Depiction of positive skewness, skewness, and negative skewness.

Skewness can be a positive or negative number (or zero). Distributions that are symmetrical with respect to the mean, such as the normal distribution, have zero skewness. A distribution that “leans” to the right has negative skewness, and a distribution that “leans” to the left has positive skewness.

As a general guideline, skewness values that are within ±1 of the normal distribution’s skewness indicate sufficient normality for the use of parametric tests.

Kurtosis

We use kurtosis to quantify a phenomenon’s tendency to produce values that are far from the mean. There are various ways to describe the information that kurtosis conveys about a data set: “tailedness” (note that the far-from-the-mean values are in the distribution’s tails), “tail magnitude” or “tail weight,” and “peakedness” (this last one is somewhat problematic, though, because kurtosis doesn’t directly measure peakedness or flatness).

The normal distribution has a kurtosis value of 3. The following diagram gives a general idea of how kurtosis greater than or less than 3 corresponds to non-normal distribution shapes.

Notice that kurtosis greater than or less than 3 corresponds to non-normal distribution shapes.

The orange curve is a normal distribution. Notice how the blue curve, compared to the orange curve, has more “tail magnitude,” i.e., there is more probability mass in the tails. The kurtosis of the blue curve, which is called a Laplace distribution, is 6. The green curve is called the uniform distribution; you can see that the tails have been eliminated. The kurtosis of the uniform distribution is 1.8.

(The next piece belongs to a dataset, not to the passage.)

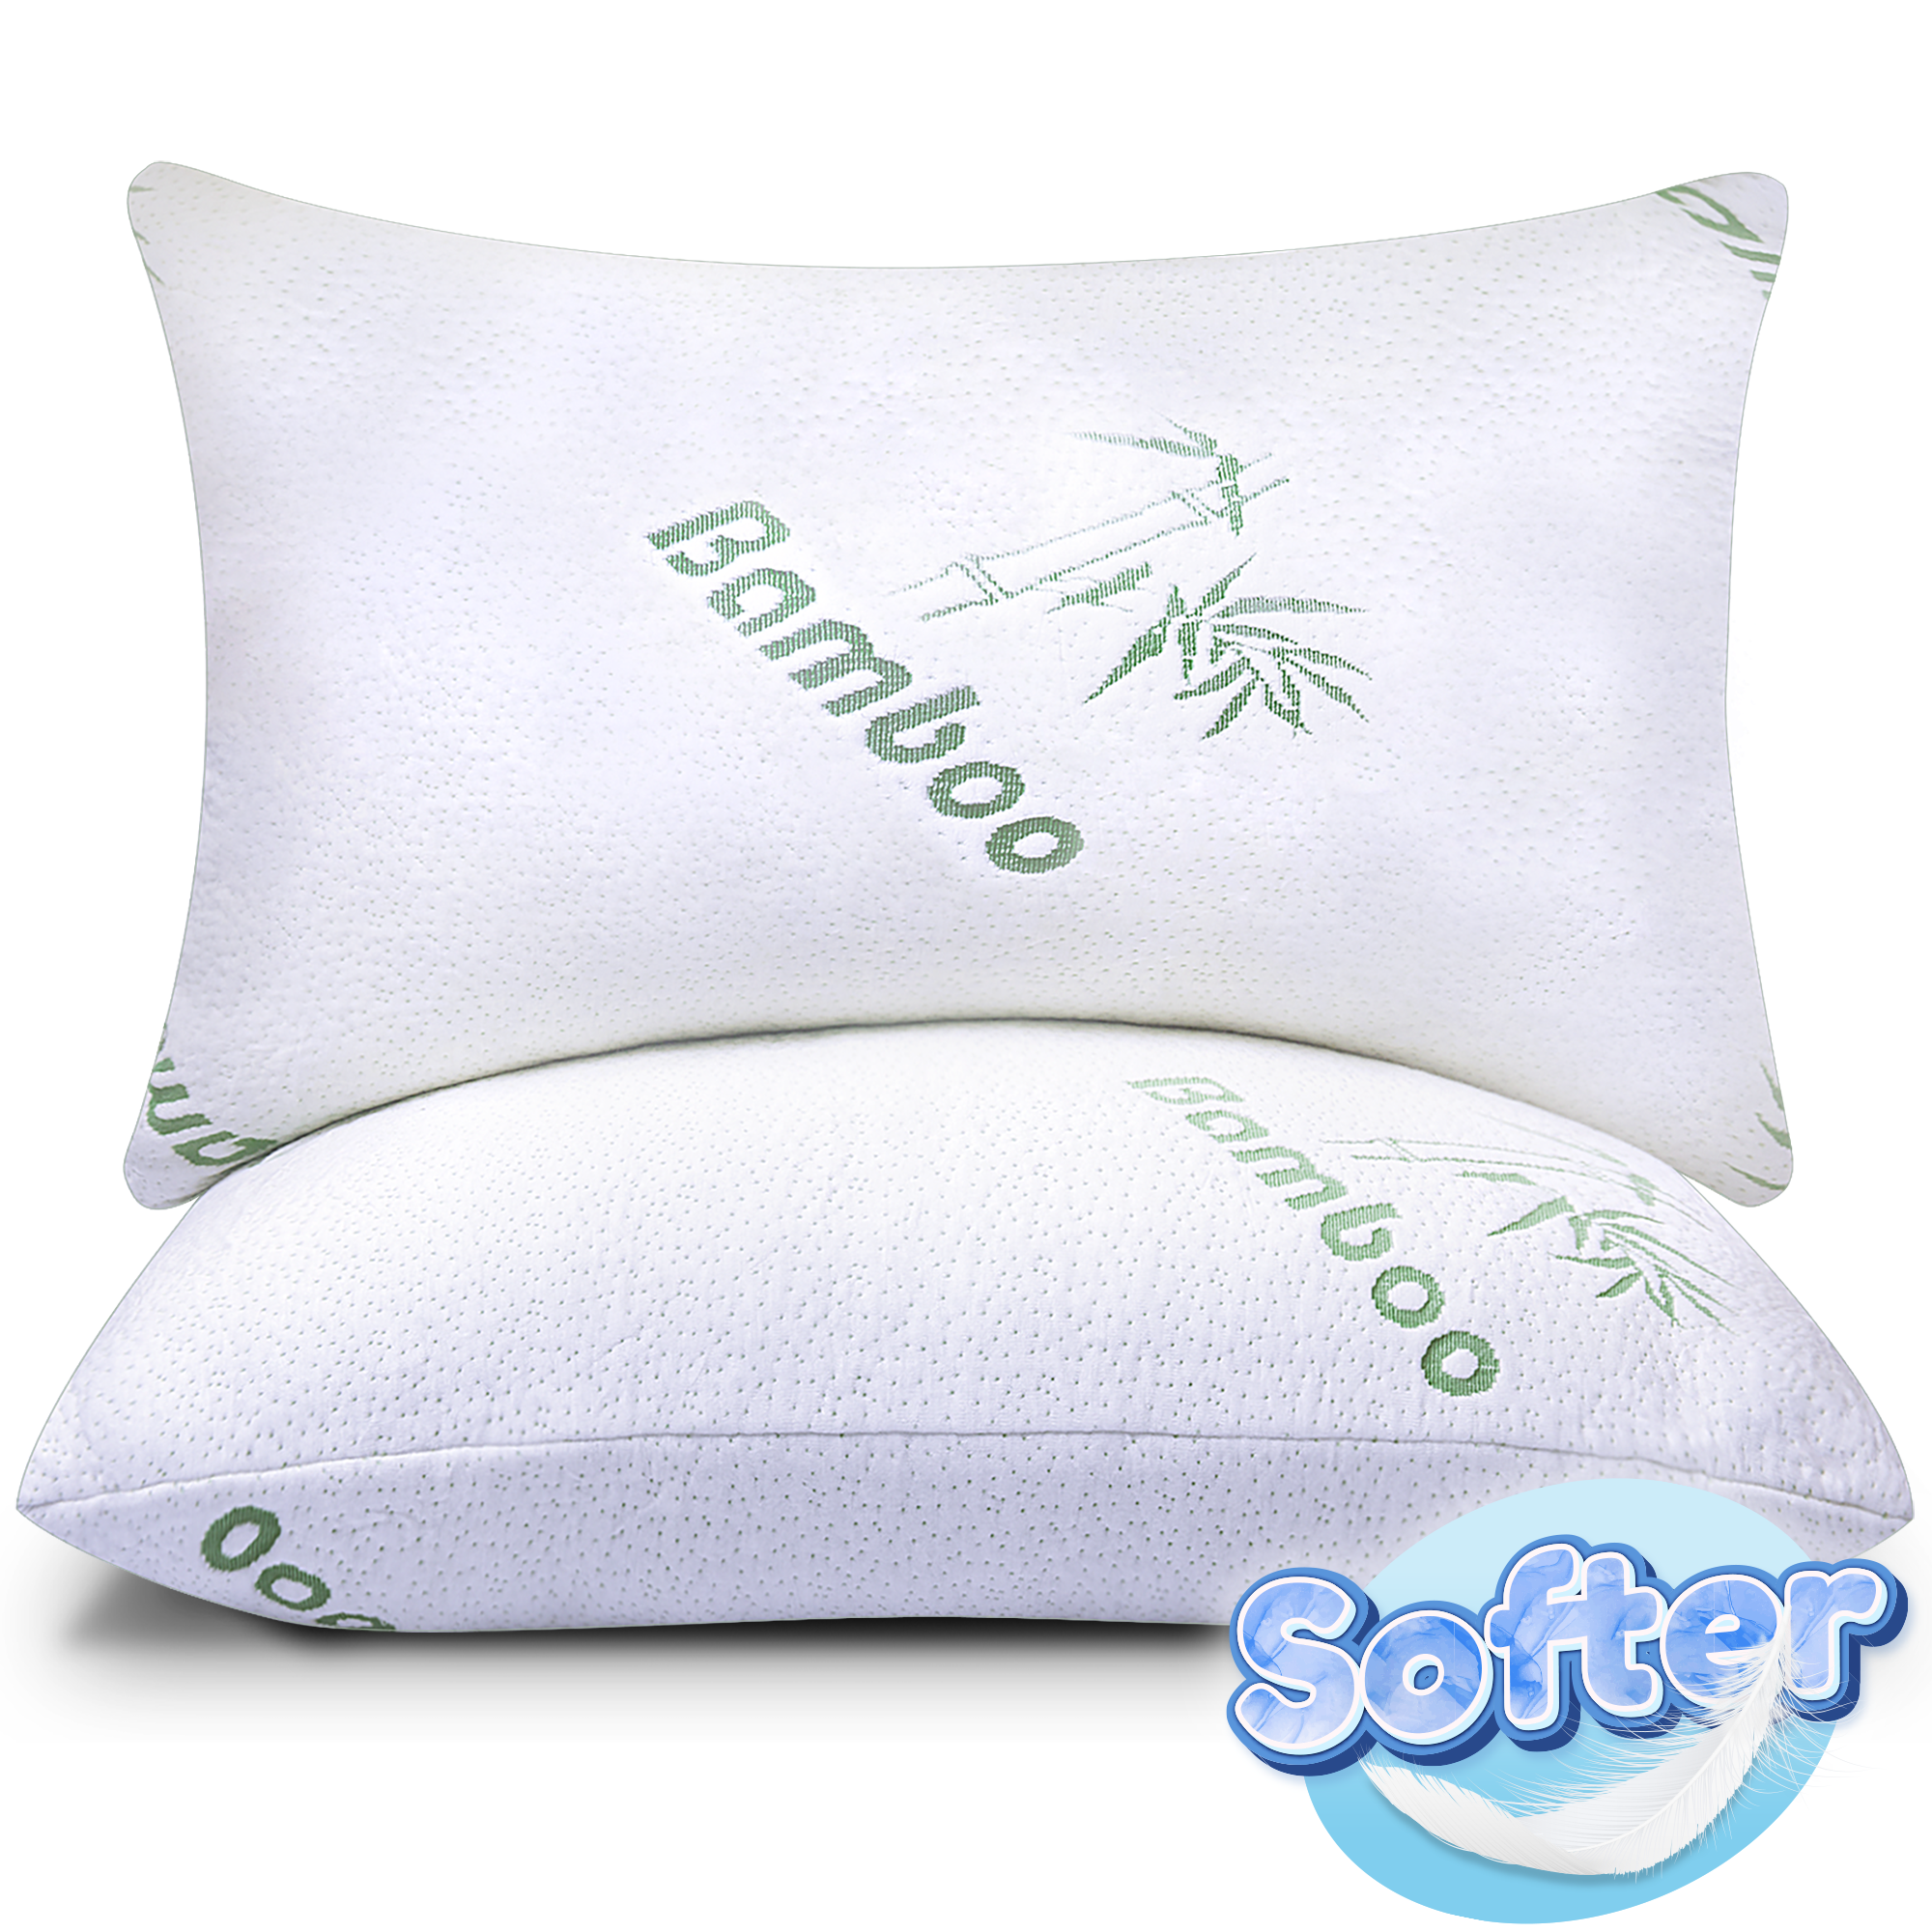 Shredded Memory Foam Pillows (Firm/Soft Queen Size)

As with skewness, a general guideline is that kurtosis within ±1 of the normal distribution’s kurtosis indicates sufficient normality.

Conclusion

There is certainly much more we could say about parametric tests, skewness, and kurtosis, but I think that we’ve covered enough material for an introductory article. Here’s a recap:

We favor parametric tests when measurements exhibit a sufficiently normal distribution.
Skewness quantifies a distribution’s lack of symmetry with respect to the mean.
Kurtosis quantifies the distribution’s “tailedness” and conveys the corresponding phenomenon’s tendency to produce values that are far from the mean.